Task instructions.
Of the material below, only the lines from the line containing "Синяя футболка-поло для" down to the line containing "Des partisans des" belong in the answer, written out exactly.

Provided entries.
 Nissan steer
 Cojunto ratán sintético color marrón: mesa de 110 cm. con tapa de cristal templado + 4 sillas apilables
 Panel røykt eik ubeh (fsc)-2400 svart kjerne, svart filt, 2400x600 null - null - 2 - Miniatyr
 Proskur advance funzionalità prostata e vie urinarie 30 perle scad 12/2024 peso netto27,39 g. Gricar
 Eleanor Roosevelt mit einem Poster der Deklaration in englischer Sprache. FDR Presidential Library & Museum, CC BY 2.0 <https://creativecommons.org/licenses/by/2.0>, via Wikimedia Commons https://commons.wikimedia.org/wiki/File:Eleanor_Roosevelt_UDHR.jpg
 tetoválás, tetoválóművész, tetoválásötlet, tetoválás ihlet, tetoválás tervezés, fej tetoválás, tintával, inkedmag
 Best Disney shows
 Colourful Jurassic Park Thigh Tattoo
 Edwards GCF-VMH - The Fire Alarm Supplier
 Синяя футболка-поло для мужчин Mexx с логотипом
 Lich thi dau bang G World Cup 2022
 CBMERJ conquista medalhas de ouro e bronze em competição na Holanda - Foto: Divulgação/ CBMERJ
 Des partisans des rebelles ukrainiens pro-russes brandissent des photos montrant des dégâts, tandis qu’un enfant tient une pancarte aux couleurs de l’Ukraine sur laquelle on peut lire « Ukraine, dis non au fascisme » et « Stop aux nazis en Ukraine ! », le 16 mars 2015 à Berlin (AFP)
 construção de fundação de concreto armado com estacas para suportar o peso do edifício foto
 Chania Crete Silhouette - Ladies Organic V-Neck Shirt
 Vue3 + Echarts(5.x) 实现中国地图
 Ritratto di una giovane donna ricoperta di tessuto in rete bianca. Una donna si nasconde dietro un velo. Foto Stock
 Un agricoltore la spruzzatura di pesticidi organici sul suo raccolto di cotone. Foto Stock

Response.
 Синяя футболка-поло для мужчин Mexx с логотипом
 Lich thi dau bang G World Cup 2022
 CBMERJ conquista medalhas de ouro e bronze em competição na Holanda - Foto: Divulgação/ CBMERJ
 Des partisans des rebelles ukrainiens pro-russes brandissent des photos montrant des dégâts, tandis qu’un enfant tient une pancarte aux couleurs de l’Ukraine sur laquelle on peut lire « Ukraine, dis non au fascisme » et « Stop aux nazis en Ukraine ! », le 16 mars 2015 à Berlin (AFP)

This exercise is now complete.